A series of recommendations have been made by a coroner following an inquest into the death of an American tourist who died while swimming with dolphins in the Marlborough Sounds.
Emily May Harper, 27, from Denver, Colorado, died of natural causes as she swam in the Tory Channel on October 20, 2009.
She was on a trip to Australia and New Zealand with her partner Matthew Hawkins _ who had proposed to her the night before she died _ his mother Sandra and his brother Andrew.
The group signed up to a tour with Dolphin Watch EcoTour and travelled out from Picton to Tory Channel on the morning of October 20, but Mr Hawkins could not enter the water because his wetsuit was faulty so stayed on board and watched.
After about 10 minutes of the group swimming and snorkelling in the water Ms Harper was spotted face-down by staff on the boat and was rescued and taken on board.
A doctor on the trip, along with trained first aid staff members and coastguard rescue workers were unable to revive her.
In findings released today, Coroner Christopher Devonport concluded Ms Harper suffered a medical event, likely to be a cardiac arrhythmic event, which resulted in her losing consciousness while in the water.
At the time of Ms Harper's death, Sandra Hawkins was critical that some of the staff from Dolphin Watch were not in the water with the swimmers, Coroner Devonport said he did not consider that would have meant Ms Harper was noticed any earlier.
"In fact, observation was made from the boat by two persons almost simultaneously as to her situation, and even persons four to five feet away from her in the water could not see that she was in difficulty.''
But Coroner Devonport has made a series of recommendations for similar snorkelling and marine charter activities.
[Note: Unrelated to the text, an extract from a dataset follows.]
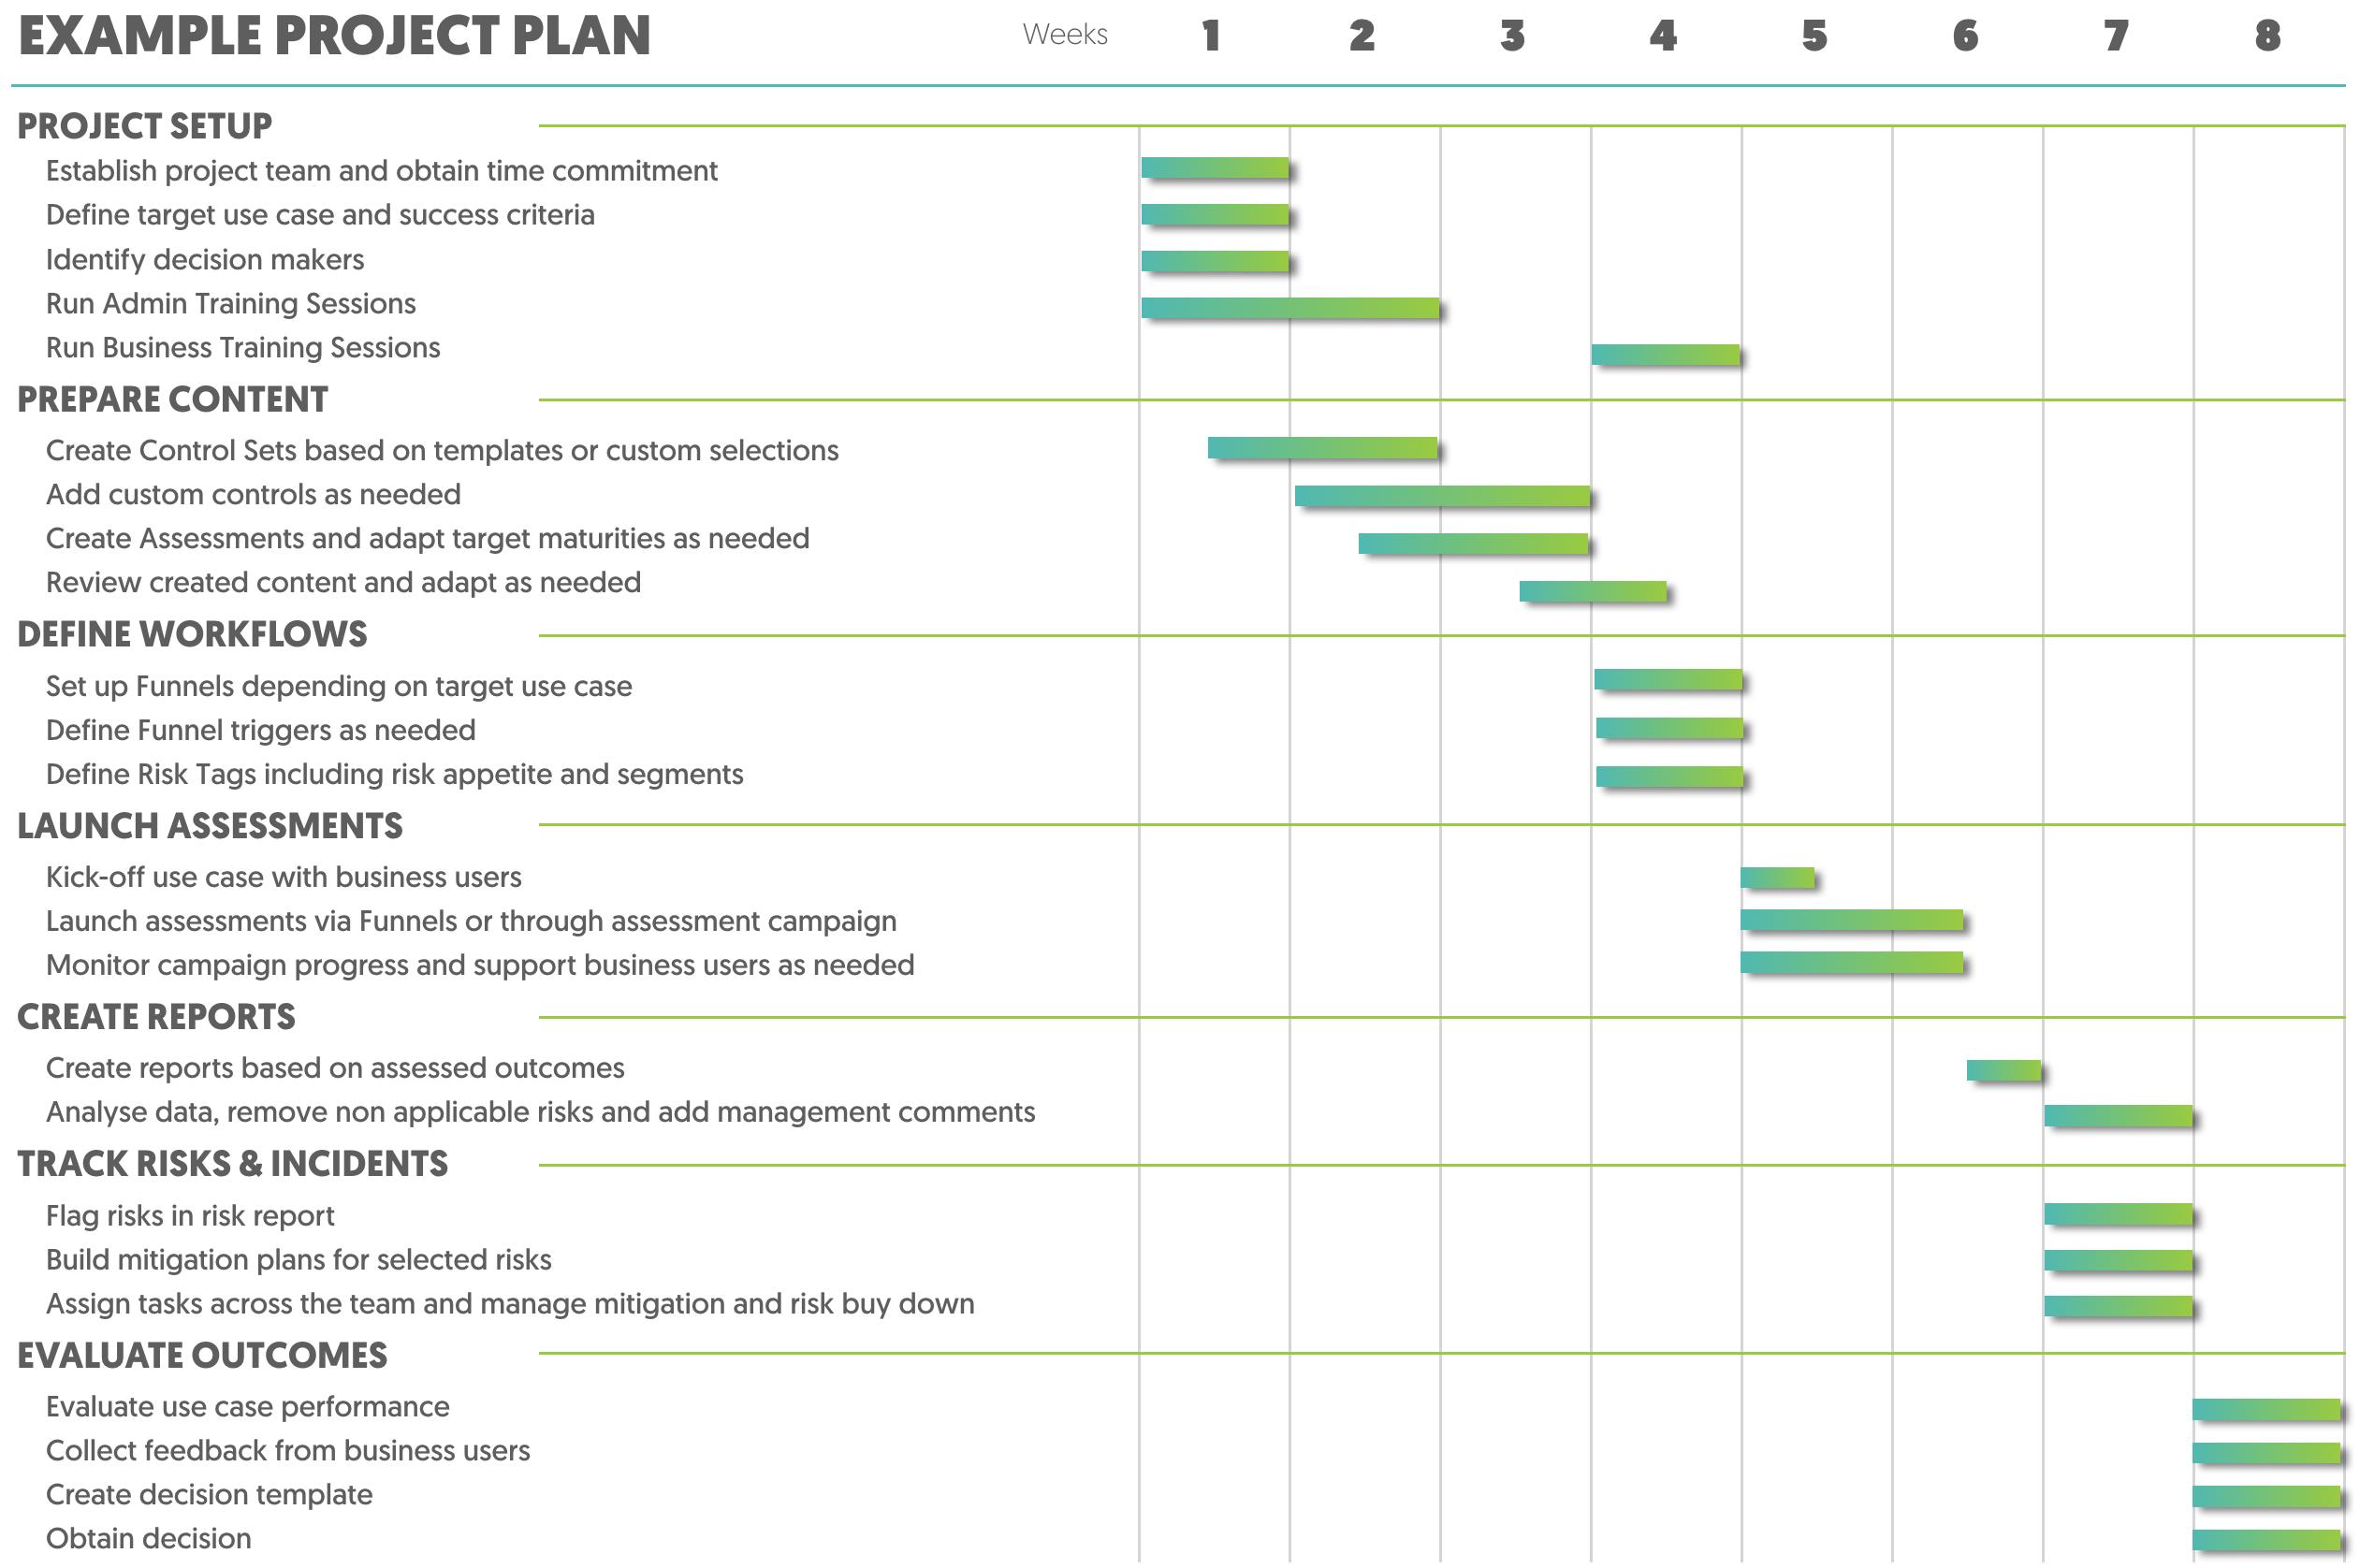 PoC Project Plan

He recommended that an automatic external defibrillator and an oxygen cylinder be safely stored and used on board such commercial vessels and all employees on board should be trained first-aiders, and at least two should be trained oxygen providers.
Coroner Devonport did note in his findings that he had no criticism of the equipment provided on board the boat by Dolphin Watch.
All three staff on board had first-aid training.
He also recommended Maritime New Zealand regulations be amended to ensure manning levels were sufficient to ensure customers were not essential to providing first aid or resuscitation, rescue and emergency procedures be documented and practised regularly, and an emergency protocol for getting assistance be in place.